Despite his success, Robbins is still on the road most of the year, holding seminars in cavernous convention centers or coaching people one at a time, delivering his own brand of compelling and charismatic inspiration to thousands of people who are stuck or afraid or discouraged. From wanting to lose weight to starting a new business, from saving a marriage to becoming a millionaire, Robbins has a way to help, and he gets results. He says his message hasn’t really changed over the years. He may not have to try as hard to prove himself, and maybe he knows some things work better than others, but he says, “I’m just as driven—only now I know who I am.”
Still, the outcome is the same. It is big. It is love. It is the feeling he gets when he knows he has reached someone.
“It’s euphoric—it’s out of this world. Sometimes I walk backstage and tear up. I feel like God comes through me. It’s when I see that light in their eyes again, when they’re alive. It’s not always an easy moment—sometimes it’s a pretty tough moment. I will do whatever it takes to get people there without harming them. That’s why I can reach people. They have only so many ways to be stuck, and I have lots of ways to break their stuck-ness. How do I know? You can feel it, you can see it. When you see them lose 30 or 100 pounds. When a guy grows his business 30 percent in a year. You can feel when they go from depressed to lit up. And when you see them three weeks later in a new pattern, it excites the hell out of you. I have friends all over the world because of this.”
Why MONEY?
Robbins explains why he had to write his new book.

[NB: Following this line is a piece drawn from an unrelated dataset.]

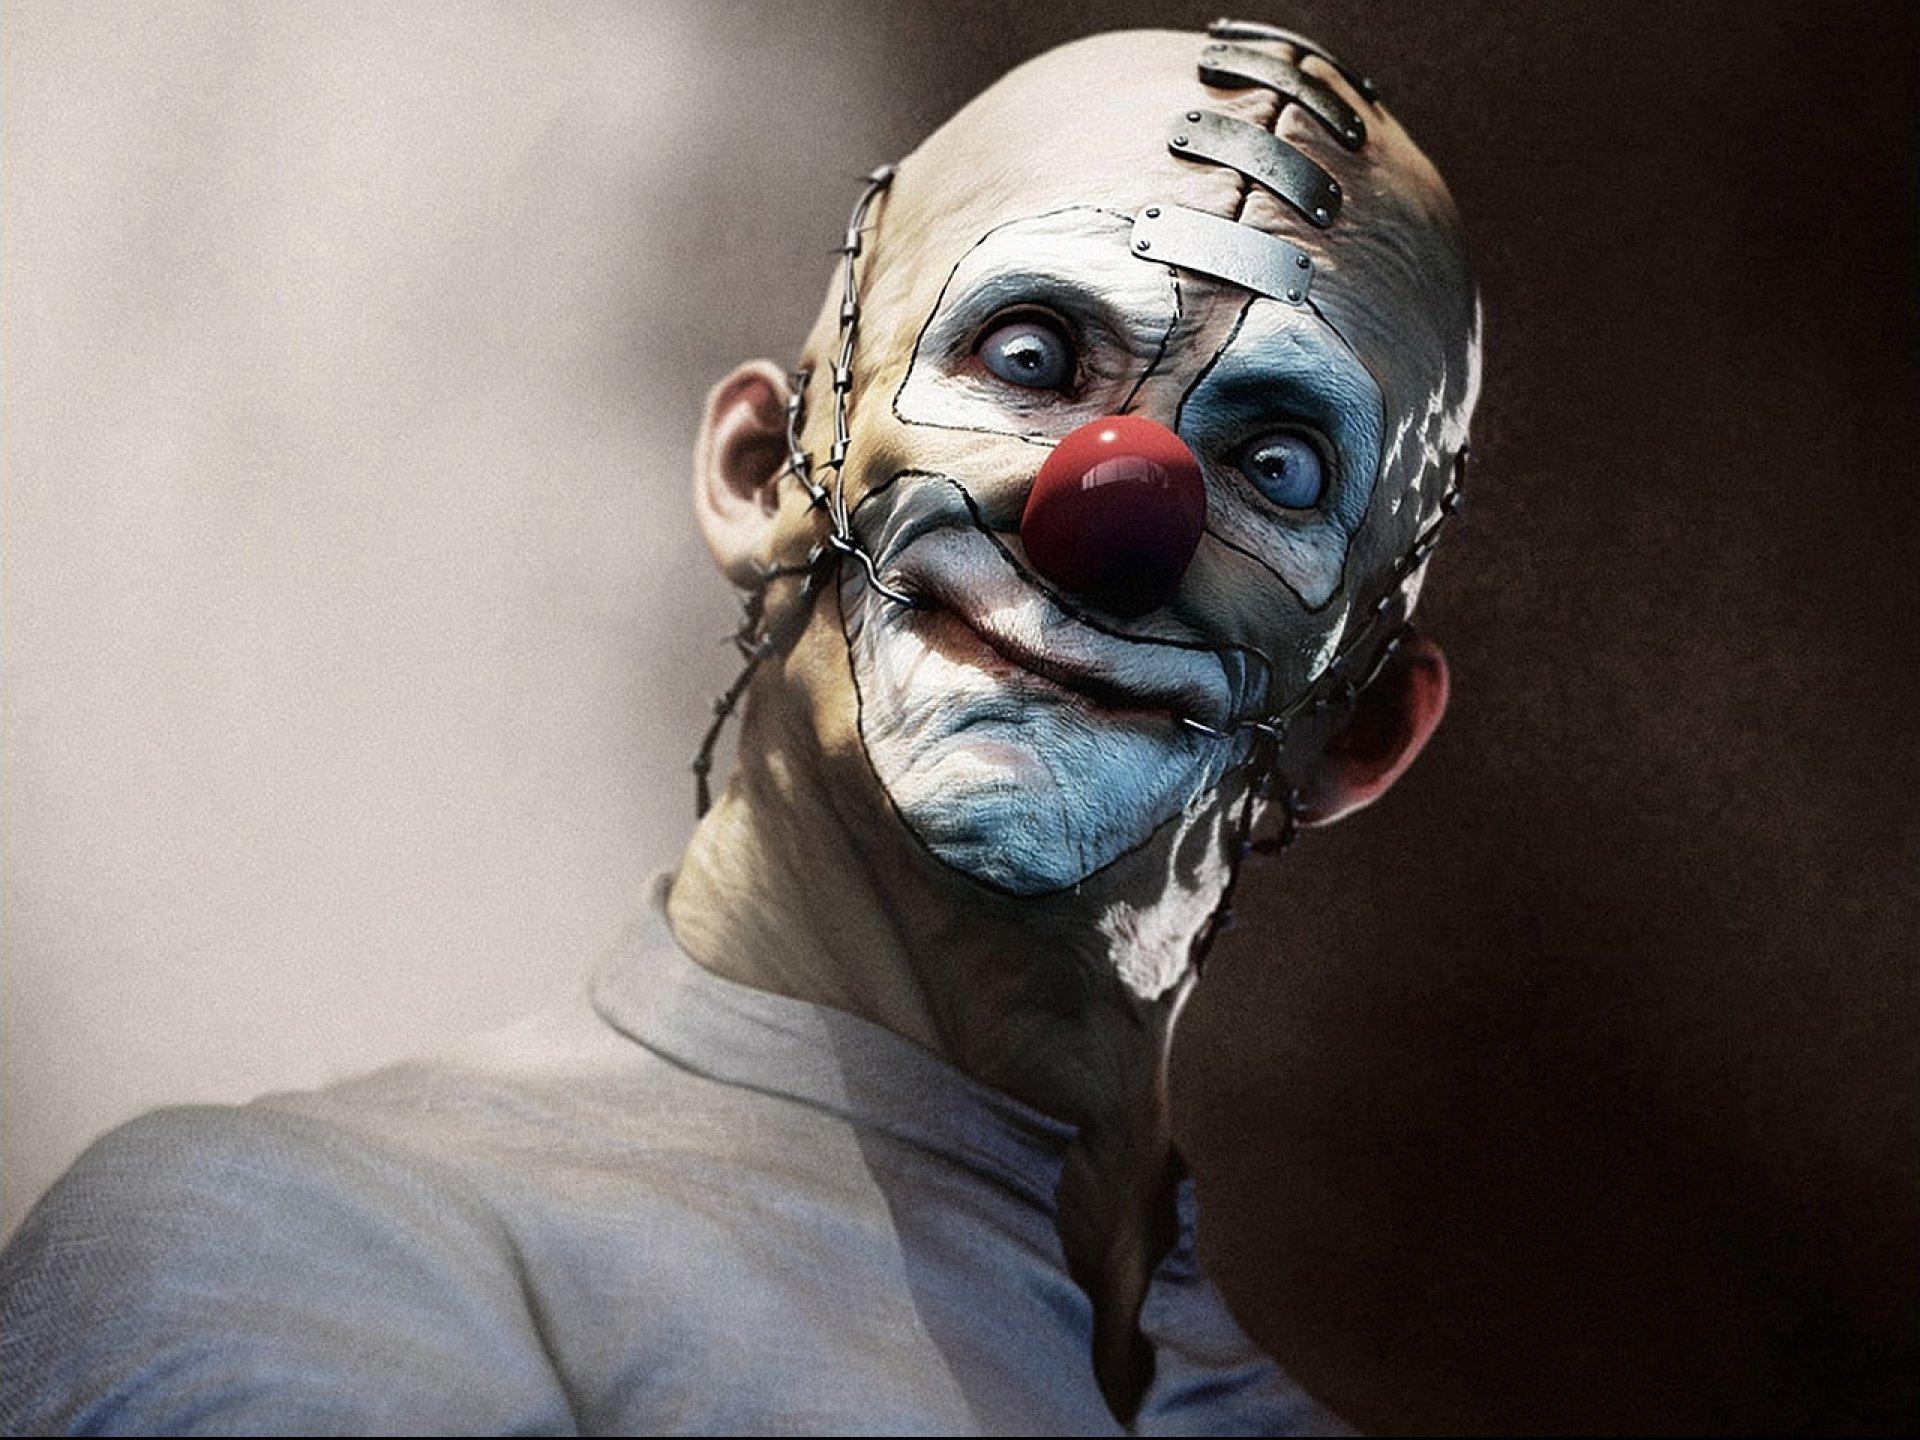 Dark Horror Evil Clown Art Artwork F Wallpaper  1920x1440

Tony Robbins admits it’s been a long time since his last best-seller, Awaken the Giant Within, published in 1991. He says it’s because he hates to write.

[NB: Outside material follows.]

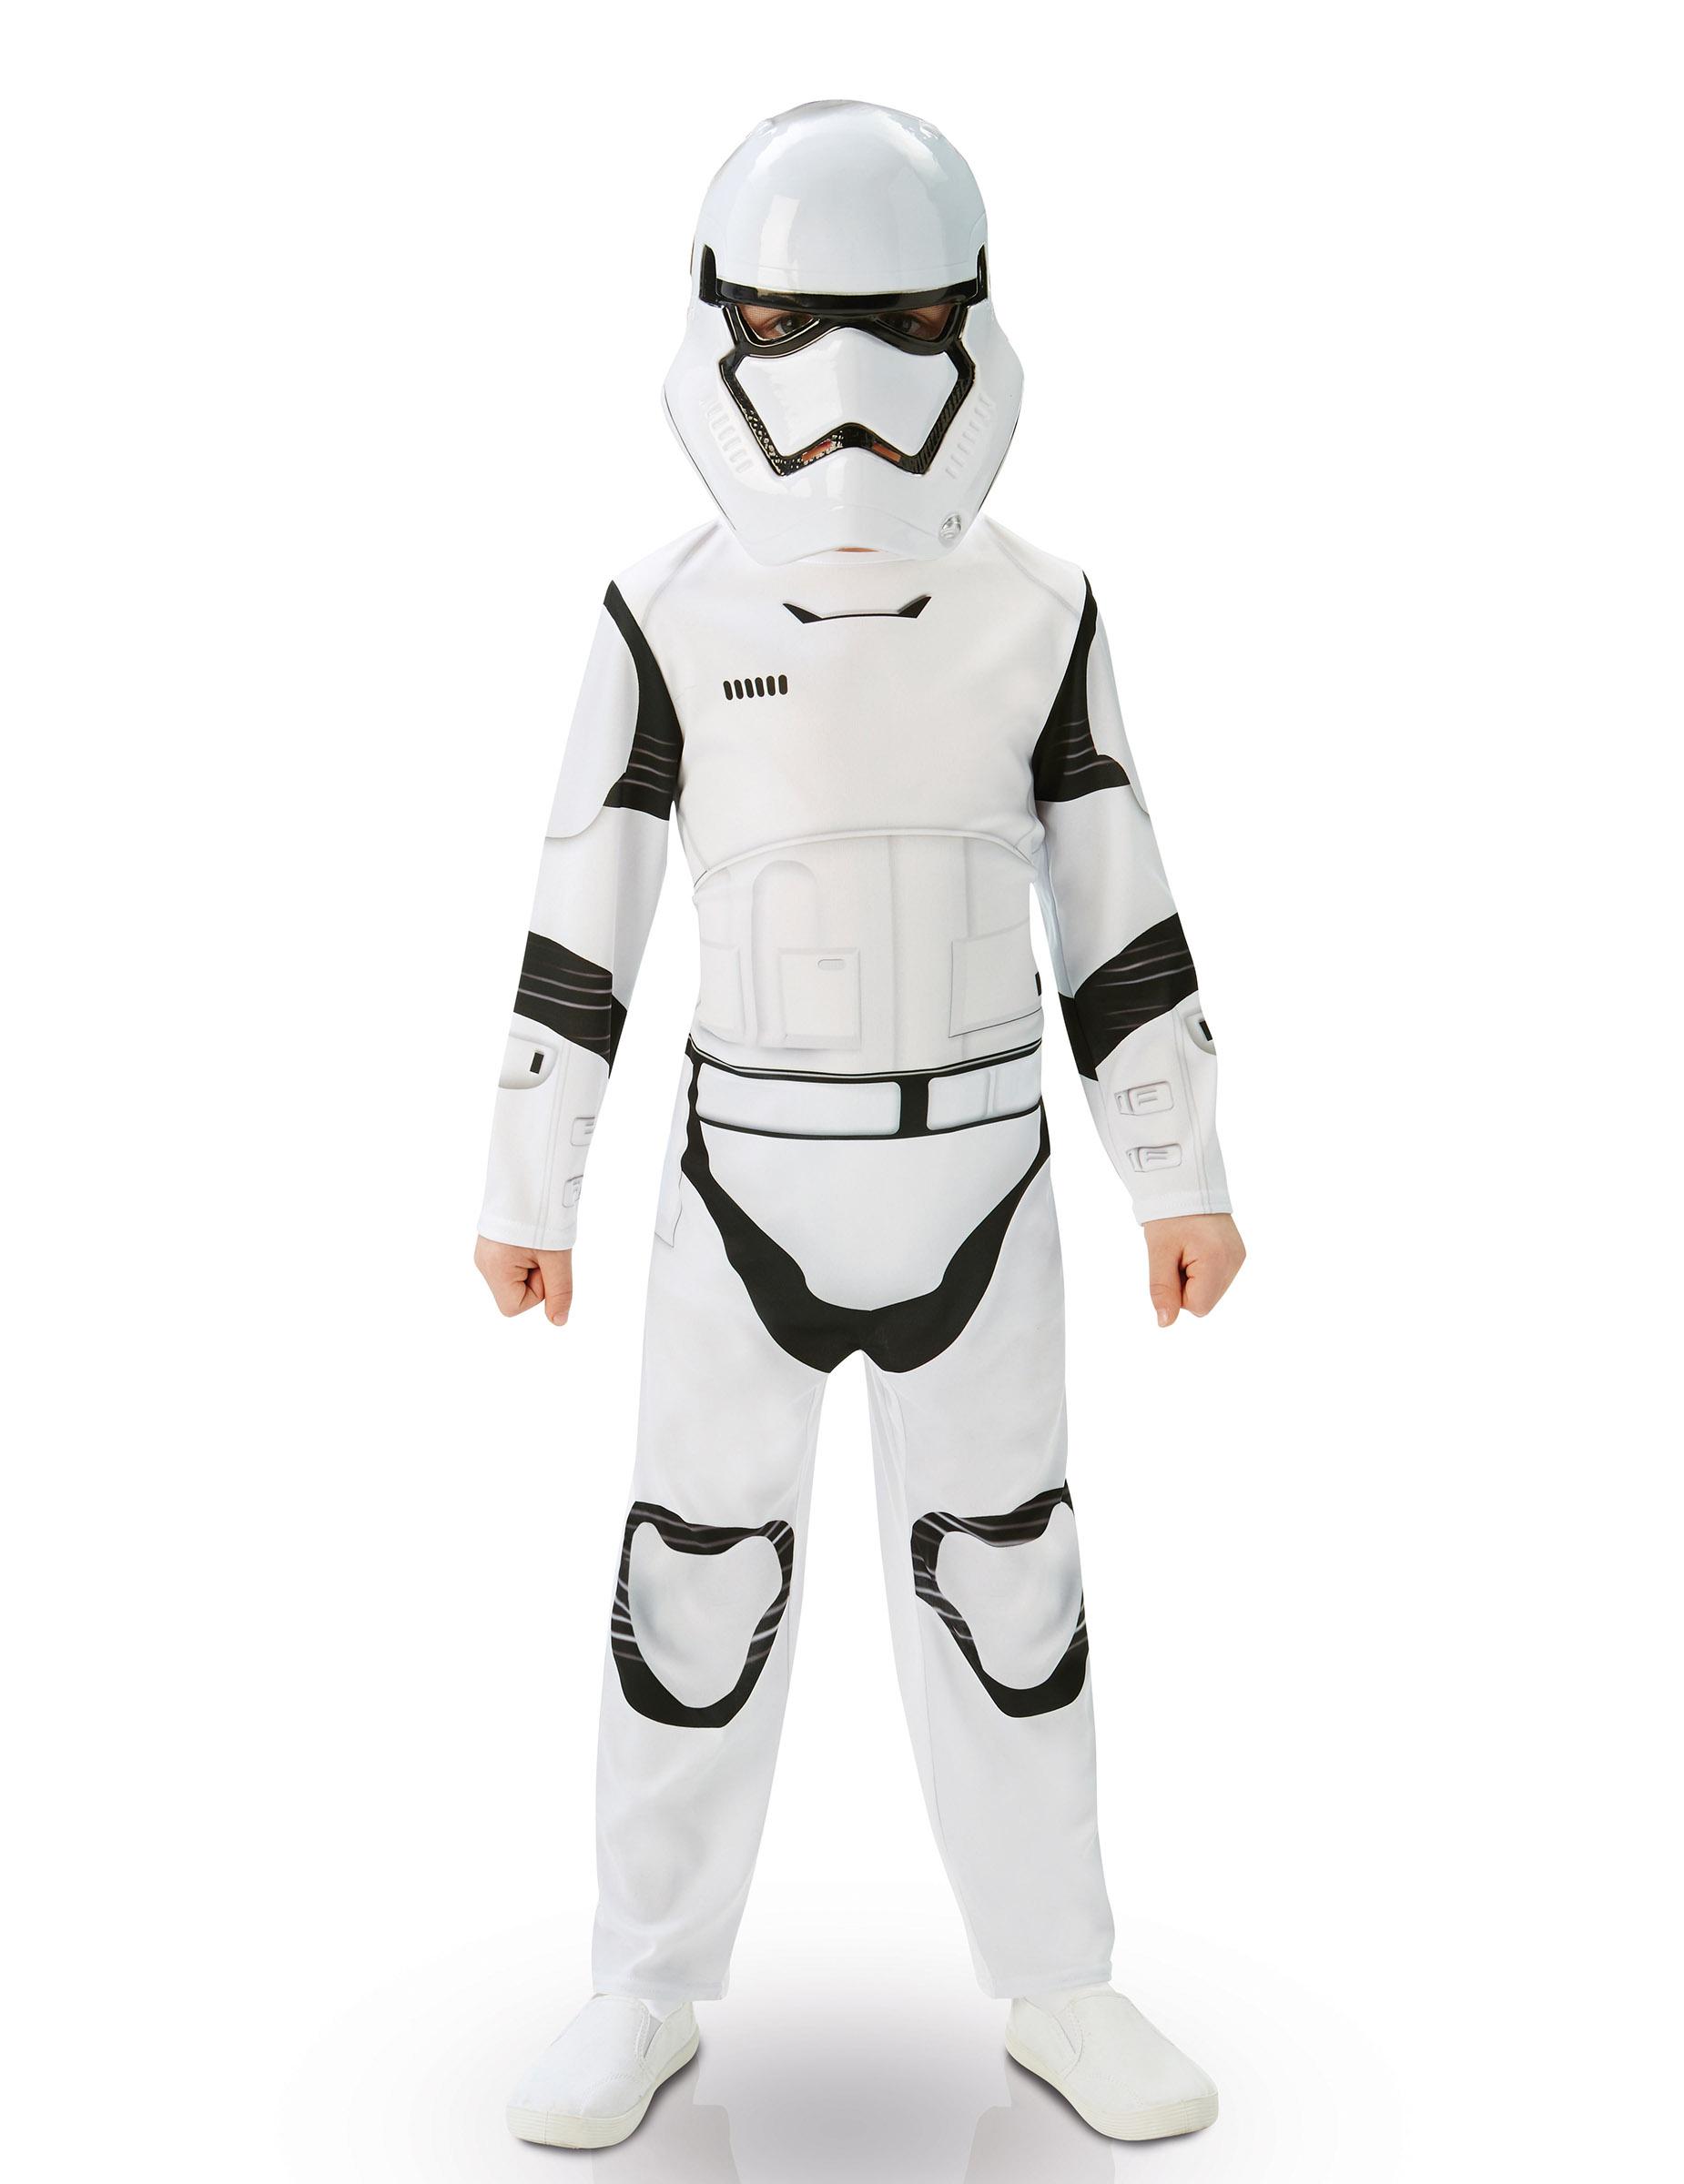 deguisement-classique-stormtrooper-star-wars-vii_231345

“First, I’m a person whose tempo is very rapid. My fingers can never go as fast as my brain functions. Second, when I speak I can see the impact. I’m changing constantly to get where I want to go [to reach people]. In a book, it’s permanent, and you have no feedback device and you are alone and it’s slow.”
All that changed when he saw how badly people were impacted by the recession. “I was so angry,” he says. “I saw all of my childhood pain in everyone around me, from my barber to billionaire clients.”

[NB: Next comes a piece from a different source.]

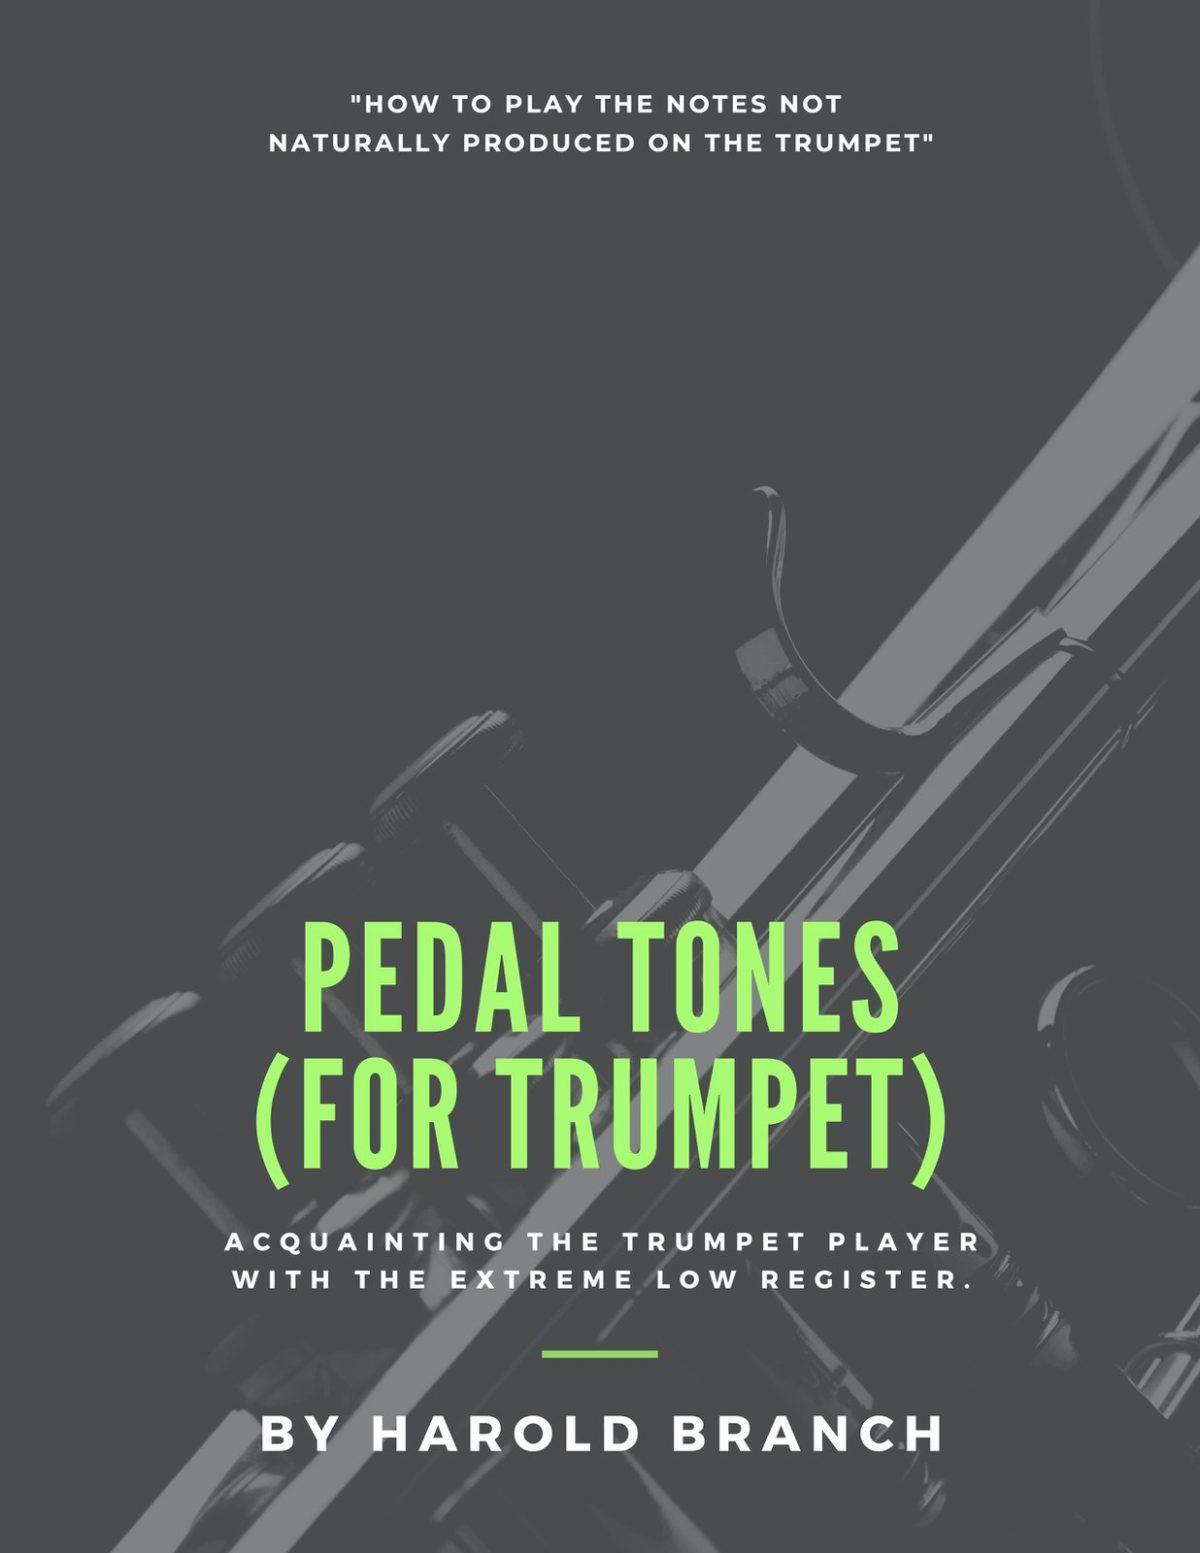 Branch, Pedal Tones for Trumpet-p01

That’s when he began work on MONEY: Master the Game; 7 Simple Steps to Financial Freedom. “For the past two years, I just went full-tilt and started doing the writing and interviewing intensely. I wanted to write the definitive book on this that would level the playing field, that would put you back in control—that would give you basic financial stability so you would not have to worry if you take these seven steps.”